For the broader AI industry, the episode highlights a looming fault line: companies that hard‑code strong limits against military and surveillance use, versus those that are willing to tailor models more closely to government requirements. Startups and major cloud providers alike may now feel pressure to clarify where they stand on enabling offensive cyber tools, battlefield decision support, and large‑scale monitoring of communications, knowing those positions could either unlock or shut down access to lucrative federal contracts.

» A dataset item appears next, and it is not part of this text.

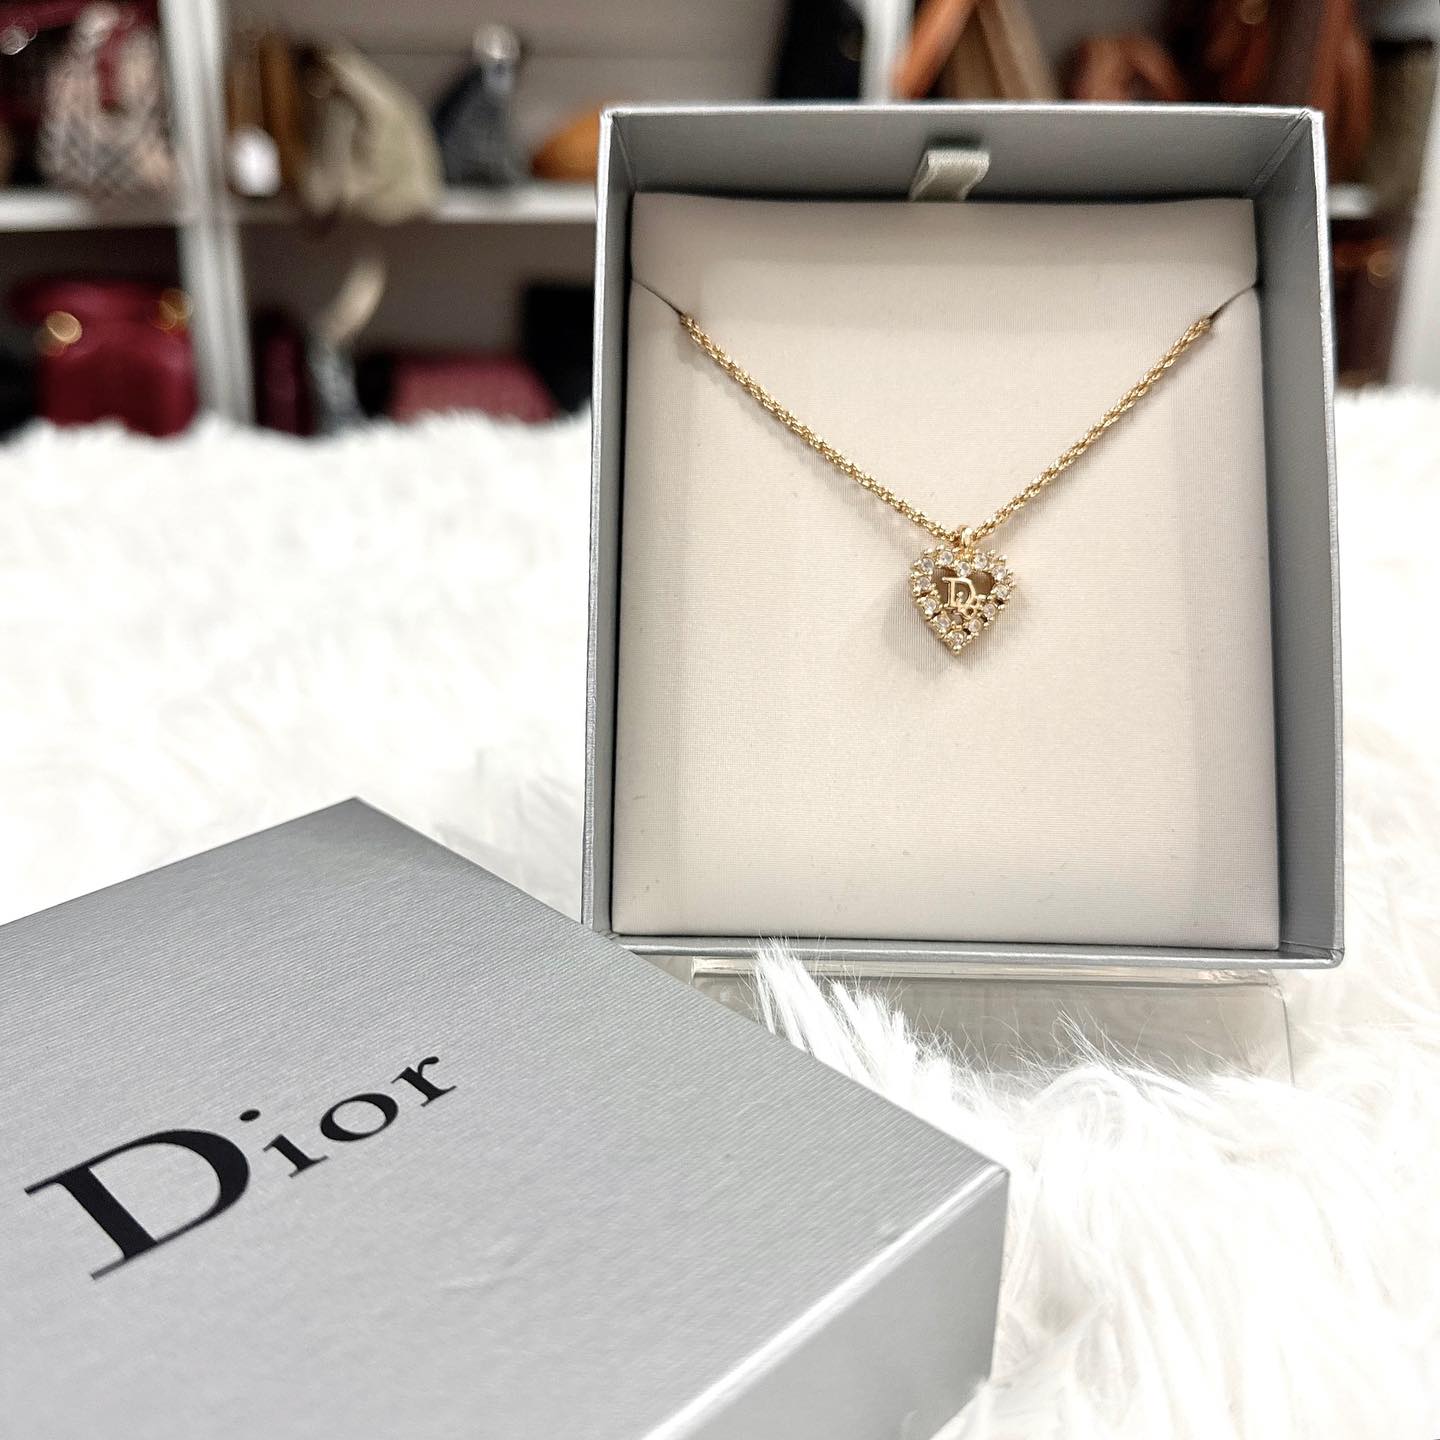 Christian Dior Necklace 心心頸鍊 連原裝盒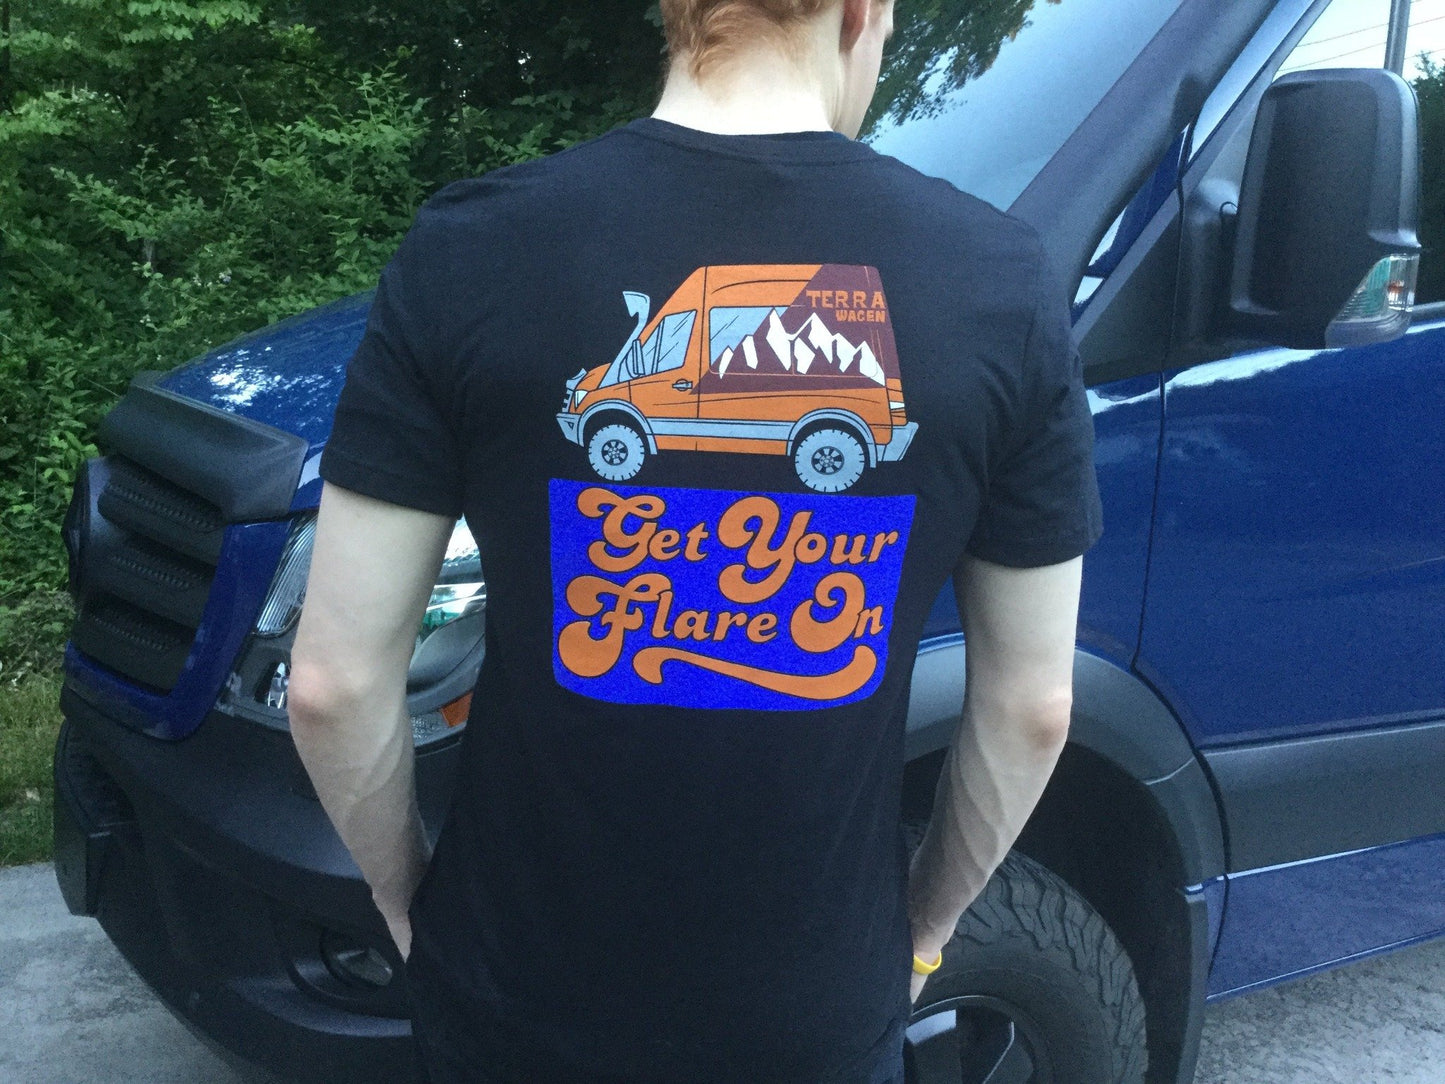 T-shirt Terrawagen "Get your flare on"

Inside agencies, the practical impact will vary. Departments that have only experimented with Claude in pilots or noncritical tools can likely switch to other large language models with relatively low friction. But units that built workflows, fine‑tuned models, or integrated Anthropic’s APIs deeply into their infrastructure will have to undertake significant technical work: exporting and transforming data, retraining or re‑prompting alternative systems, re‑validating outputs for accuracy and bias, and re‑certifying security and compliance.

Privacy and civil‑liberties advocates are likely to view the clash through a different lens. From their perspective, Anthropic’s refusal to support “mass domestic surveillance” is not ideological “wokeness” but a baseline ethical constraint. The president’s insistence that no AI vendor should be able to draw that line could be read as an attempt to clear the way for more expansive monitoring capabilities, with fewer built‑in checks coming from private‑sector partners.

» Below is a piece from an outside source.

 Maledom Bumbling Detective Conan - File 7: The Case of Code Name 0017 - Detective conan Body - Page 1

There are also legal questions in the background. While the president has broad authority over federal procurement and defense policy, individual contracts are governed by complex regulations and, in some cases, explicit commitments about how technologies may and may not be used. If any existing agreements with Anthropic embed usage‑restriction clauses aligned with the company’s safety policies, attempts to override them could spark disputes over contract termination, penalties, or future liability.

Geopolitically, the decision may reverberate beyond U.S. borders. Allies that collaborate closely with the United States on intelligence sharing and defense technology are watching how Washington handles AI governance inside the military. Some partner nations have adopted stricter stances on autonomous weapons and pervasive surveillance, closer to the position Anthropic is reportedly defending. A hard break from those norms by the U.S. could complicate joint projects or invite calls for stronger international constraints on military AI.

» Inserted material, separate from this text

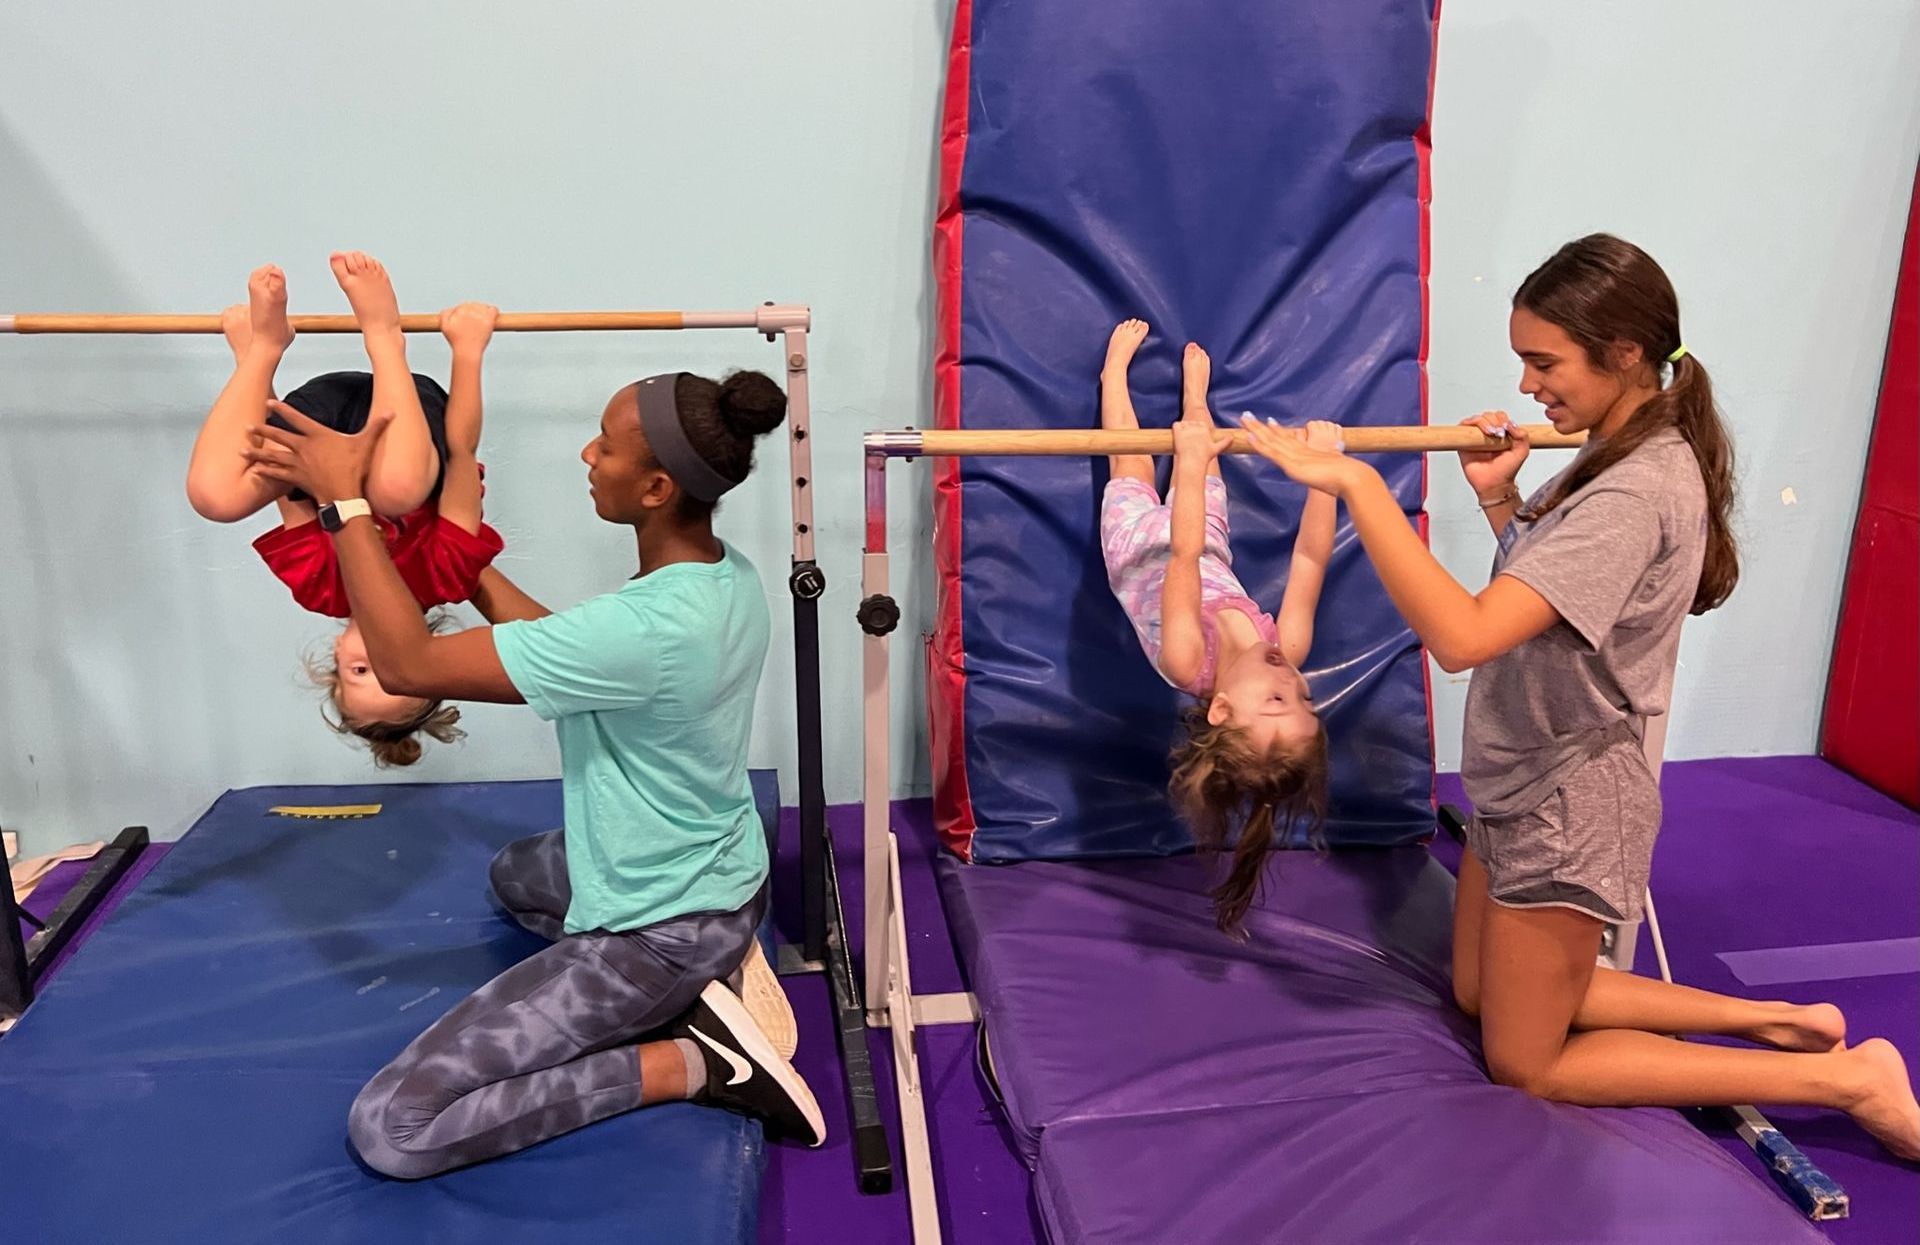 A woman is helping a child do a handstand on a bar in a gym.

For Anthropic itself, being blacklisted across the federal government is both a commercial setback and a branding moment. Losing access to U.S. public‑sector contracts and defense budgets is costly, but the confrontation also sharpens the company’s identity as a firm willing to walk away from government money rather than relax its safety posture. That stance could resonate with corporate customers, researchers, and policy advocates who prioritize ethical constraints on AI use-while simultaneously making Anthropic a political lightning rod.

In the coming months, attention will focus on three fronts: how quickly agencies manage the technical and logistical challenge of removing Anthropic tools; which rival AI vendors step in to fill the gap; and whether Anthropic’s firm line on military safeguards inspires other companies to adopt similar commitments-or convinces them to quietly move in the opposite direction to avoid the same fate.